Finalement, c'est fort de cette complicité et de ce soutien encore maintenant que l'état-major chilien a tenu à faire un triomphe à son ancien chef de retour. Avant même les membres de sa famille, ce sont ces hauts gradés, dont beaucoup ont sur les mains le sang des milliers de militants et travailleurs chiliens qu'ils ont torturés et exécutés des années durant, qui se trouvaient au premier rang pour accueillir Pinochet à sa descente d'avion.
C'est choquant, révoltant, mais cela a au moins l'avantage de la clarté. A cinq jours seulement de l'investiture du nouveau président socialiste chilien, Ricardo Lagos, cela rappelait, à ceux qui l'auraient oublié, qui détient le véritable pouvoir. Ou plutôt sur quoi s'appuie toujours en dernier recours le pouvoir des classes possédantes, au Chili, mais ailleurs aussi.
Cette démonstration de force était, bien sûr, adressée aux masses populaires chiliennes, pour le cas où elles nourriraient des illusions sur le nouveau président. Et si elle n'a guère été du goût de Lagos, qui a déclaré : " Je ne tolèrerai pas de telles provocations ", c'est précisément parce qu'il apparaissait n'avoir ni la volonté, ni la force d'empêcher de telles " provocations ".
Dans une conférence de presse, Lagos a tenu à affirmer que le Chili est un Etat démocratique " où les forces militaires sont disciplinées, obéissantes et ne s'ingèrent pas dans les affaires politiques ". On aurait cru entendre un autre président du Chili, lui aussi socialiste, Allende, deux mois avant que son ministre de la Défense, un certain Augusto Pinochet, ne le renverse et n'instaure la loi martiale.

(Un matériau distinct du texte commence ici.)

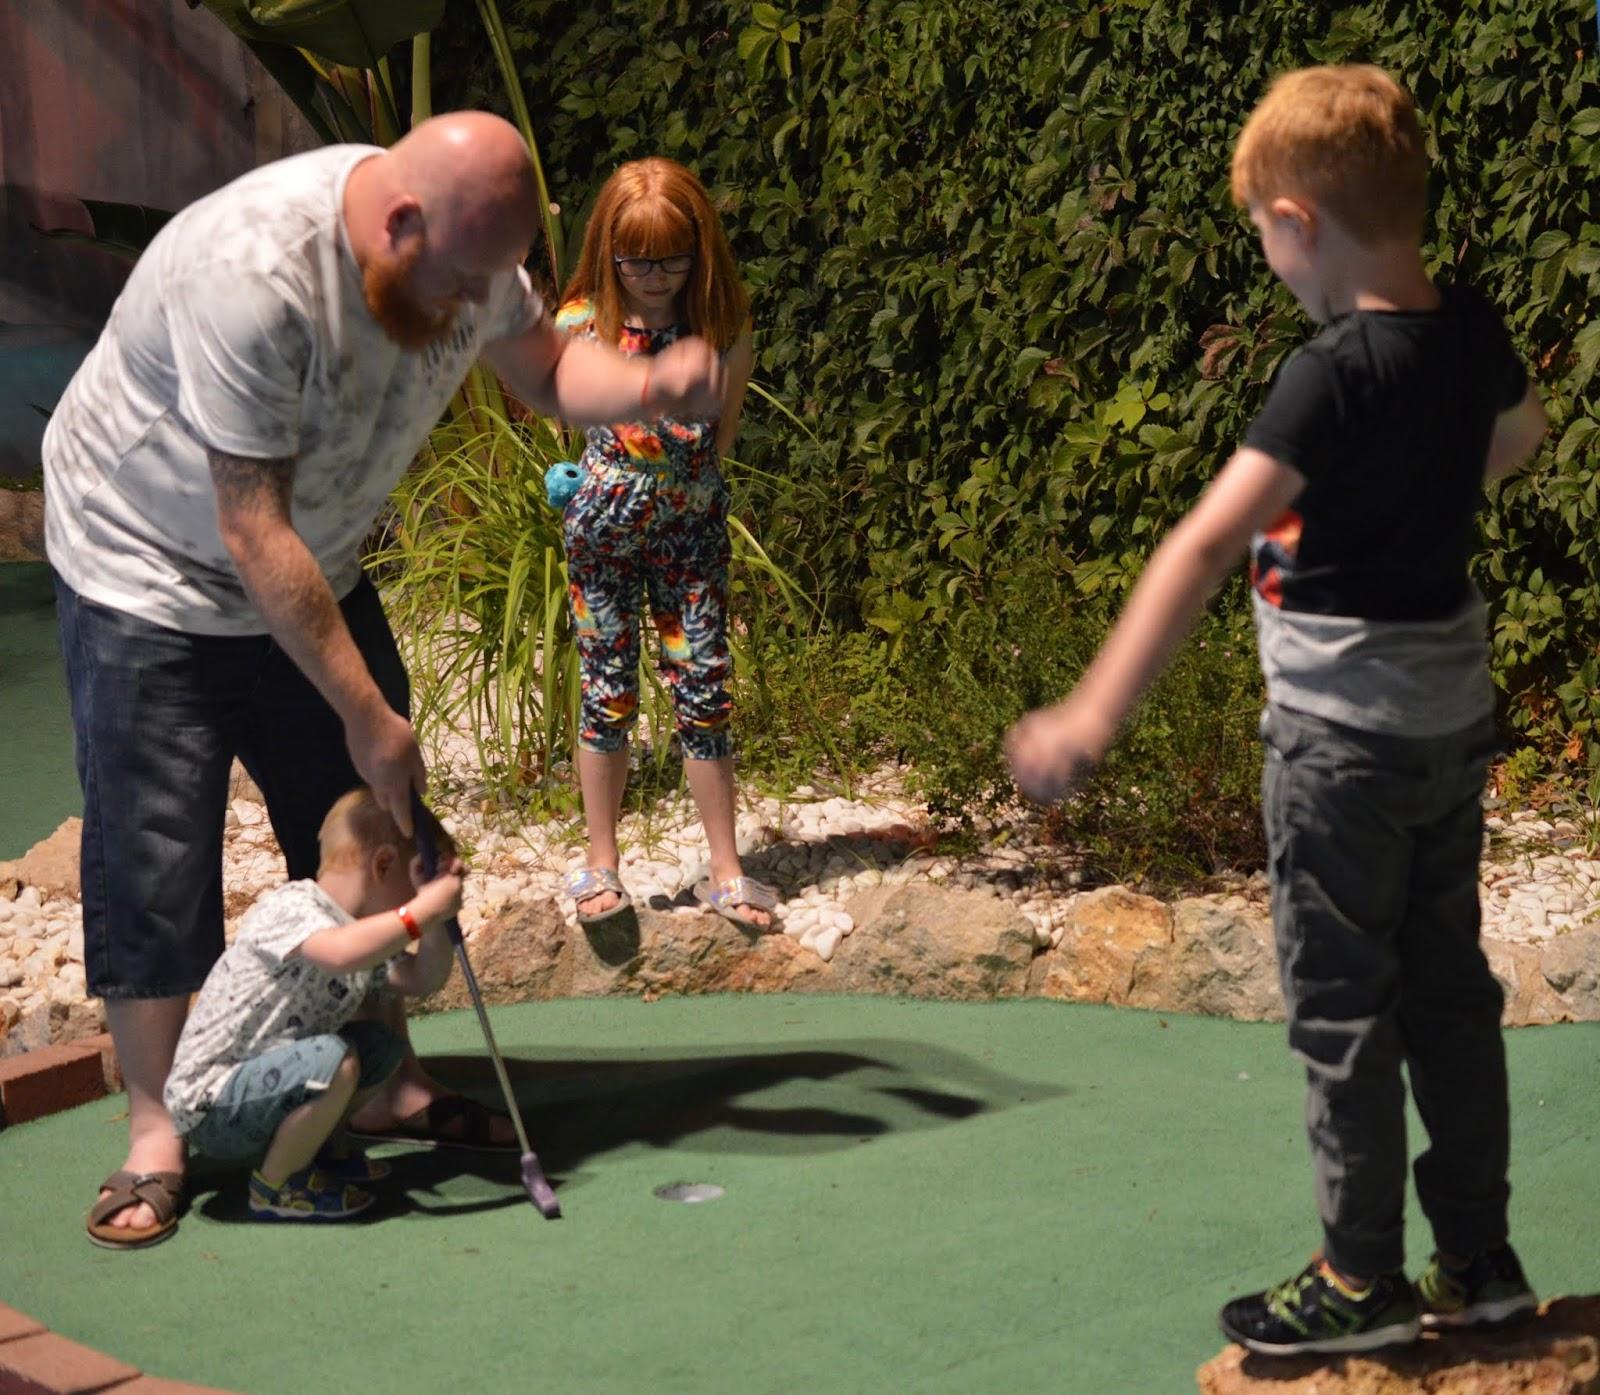 Pirates Village Santa Ponsa | Jet 2 Holidays Review  - crazy golf Santa Ponsa

Allende, qui disait alors Pinochet " loyal comme un boeuf ", savait pourtant que l'armée préparait un coup d'Etat. Des soldats et matelots du rang, qui avaient dénoncé le coup d'Etat en préparation, étaient déjà arrêtés et torturés dans les casernes, qu'Allende répétait à qui voulait l'entendre que les forces armées sont " disciplinées, obéissantes et ne s'ingèrent pas dans les affaires politiques ", comme le fait Lagos 27 ans plus tard.
C'est qu'Allende, même se sachant directement menacé par l'armée, préférait encore cela que de voir la classe ouvrière chilienne se défendre en attaquant l'institution militaire, ce bras armé de l'Etat et dernier rempart de la classe dirigeante.

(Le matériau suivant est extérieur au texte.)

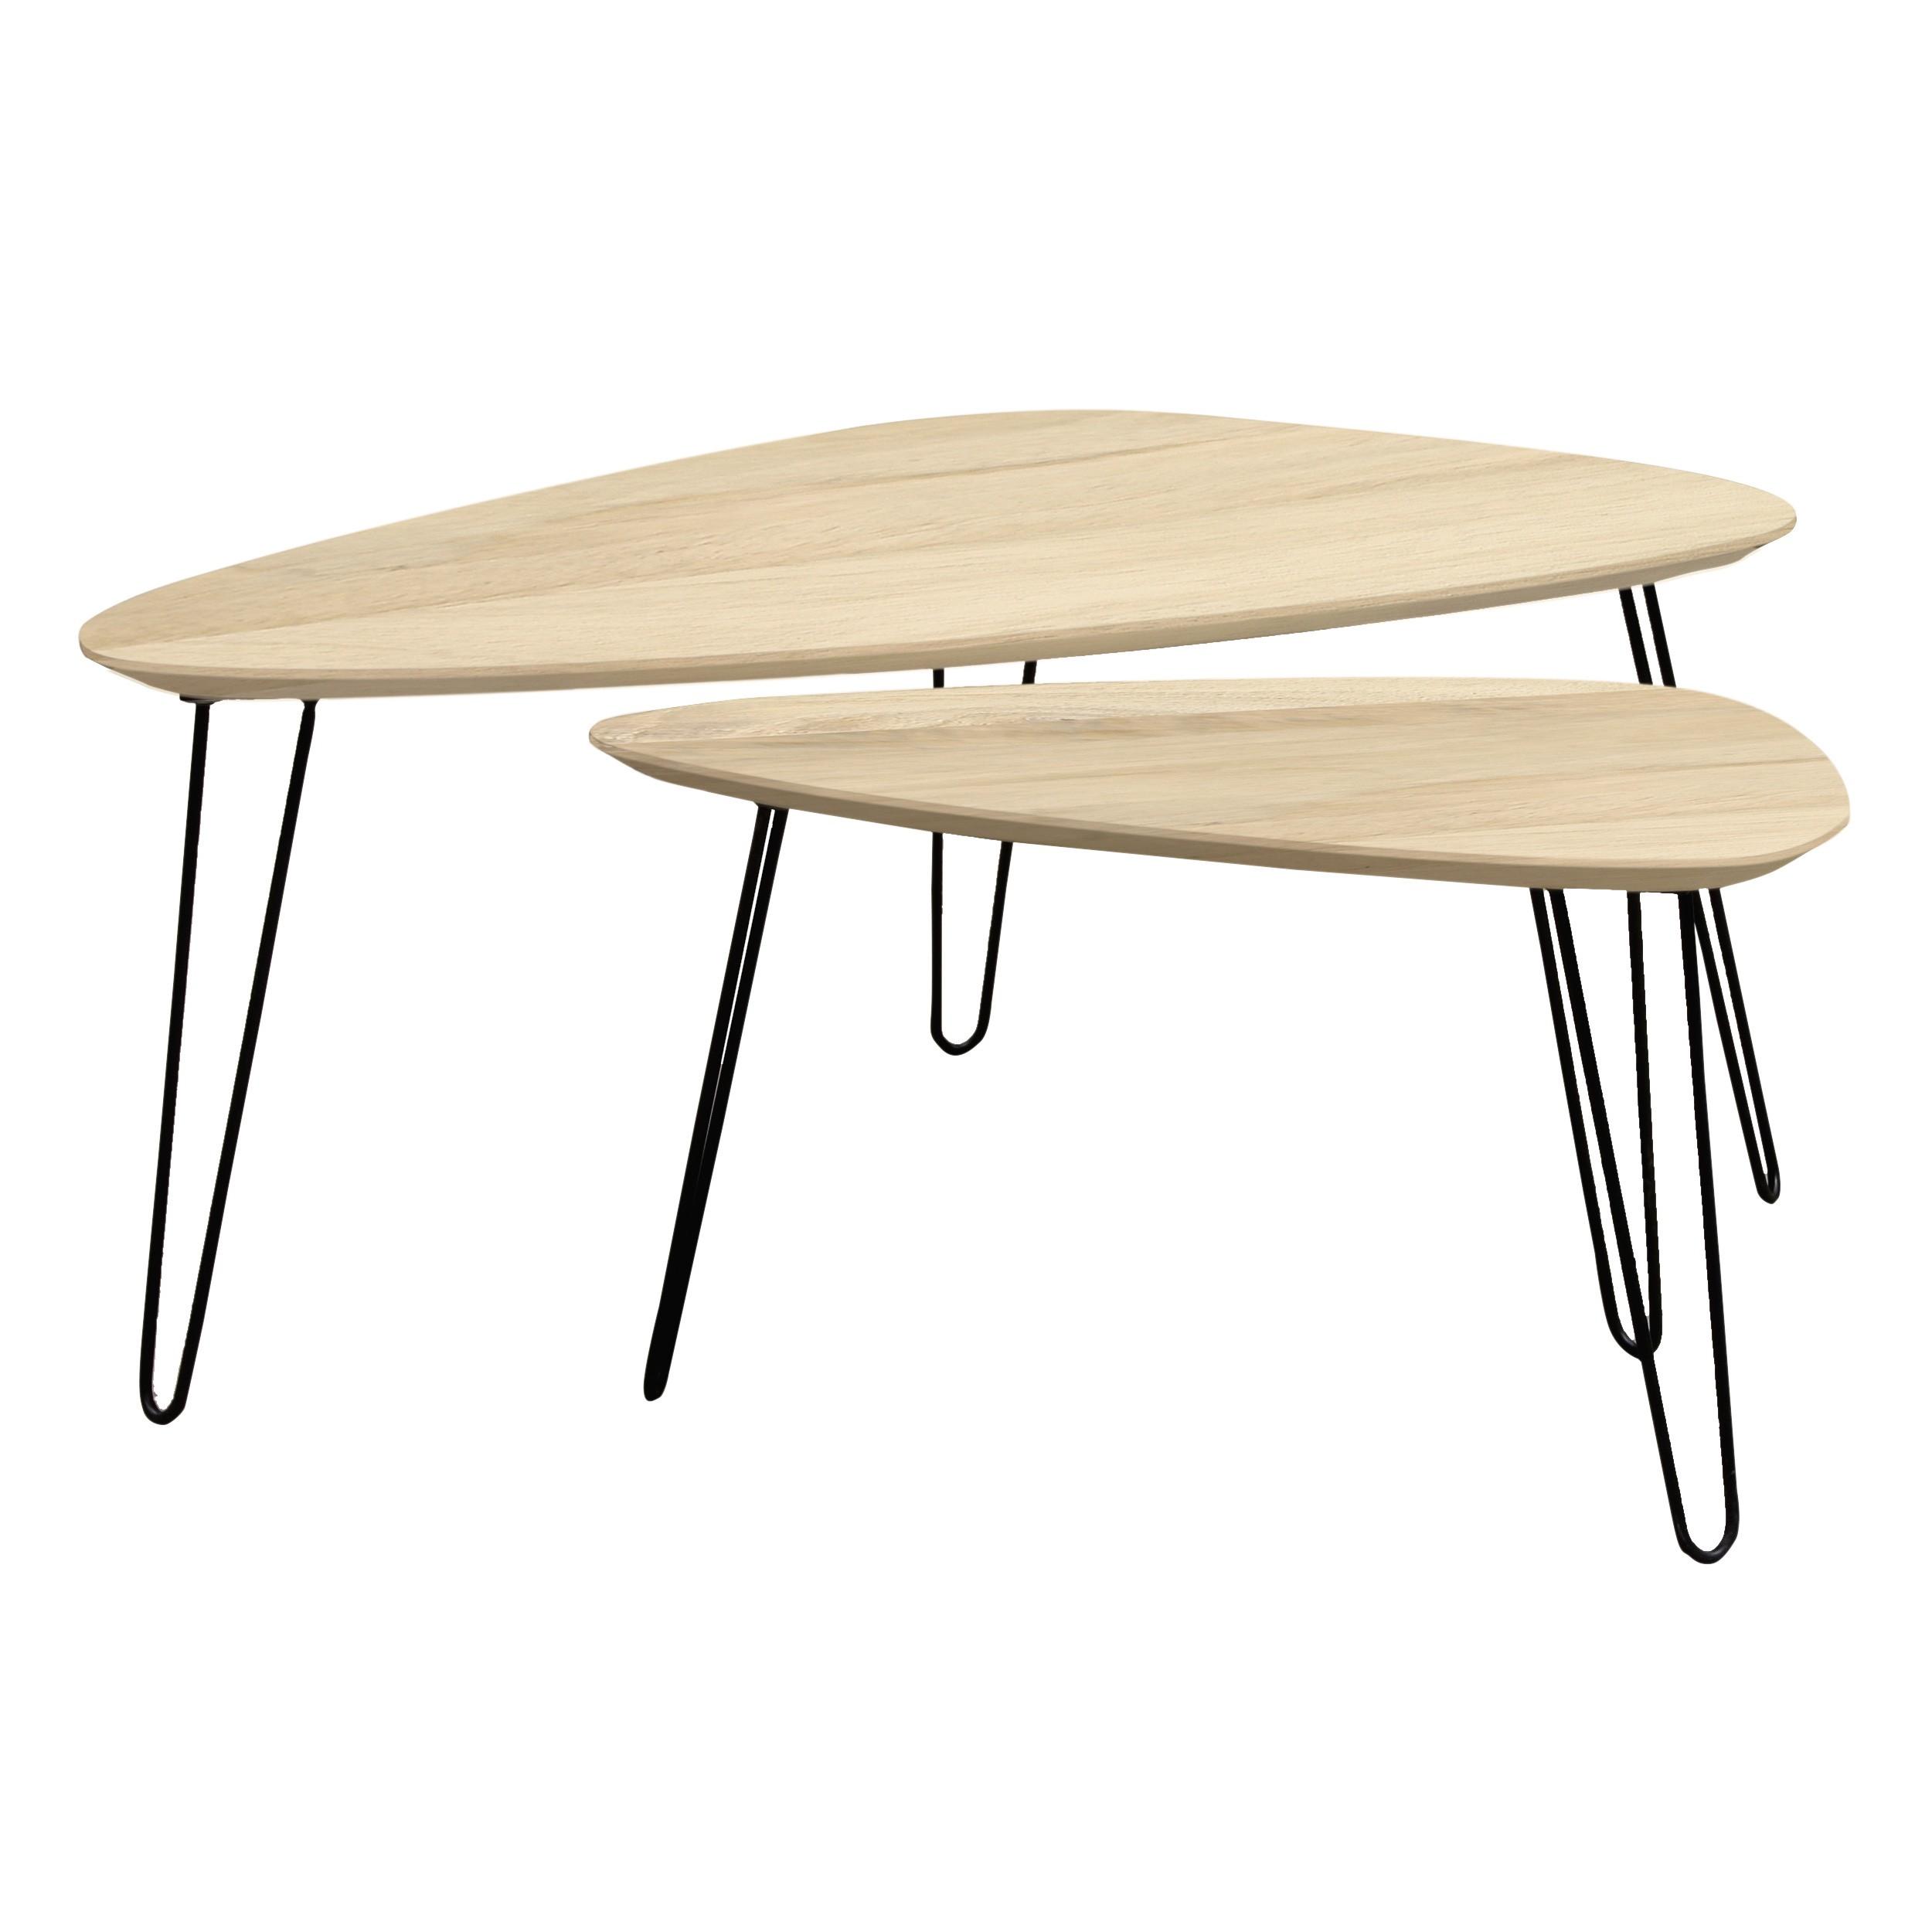 tables basses gigognes scandinaves riga lot de 2 achetez les tables basses gigognes. Black Bedroom Furniture Sets. Home Design Ideas

Allende paya de sa vie sa fidélité à cette classe, sa classe. Il en avait fait le choix. Mais des centaines de milliers de pauvres, de travailleurs, de militants de gauche, et avec eux l'immense majorité de la population, qu'Allende et le gouvernement de gauche avaient consciemment désarmés le payèrent de dizaines de milliers de morts, de torturés " disparus ", d'une dictature qui s'abattit sur le pays pour de nombreuses années.
Les déshérités chiliens voulaient du pain, la soldatesque leur répliqua par des balles après que les hommes politiques de gauche les eurent abreuvés de mensonges meurtriers sur le respect de la " démocratie " par la gent militaire. C'est de cela qu'il faut se souvenir, et à quoi il faut se préparer à l'avenir, au Chili comme ailleurs. Y compris en se défiant des Allende modernes qui, comme Lagos, voudraient le faire oublier alors que les Pinochet d'aujourd'hui, eux, ont gardé tout leur pouvoir de nuire, et l'affichent au grand jour.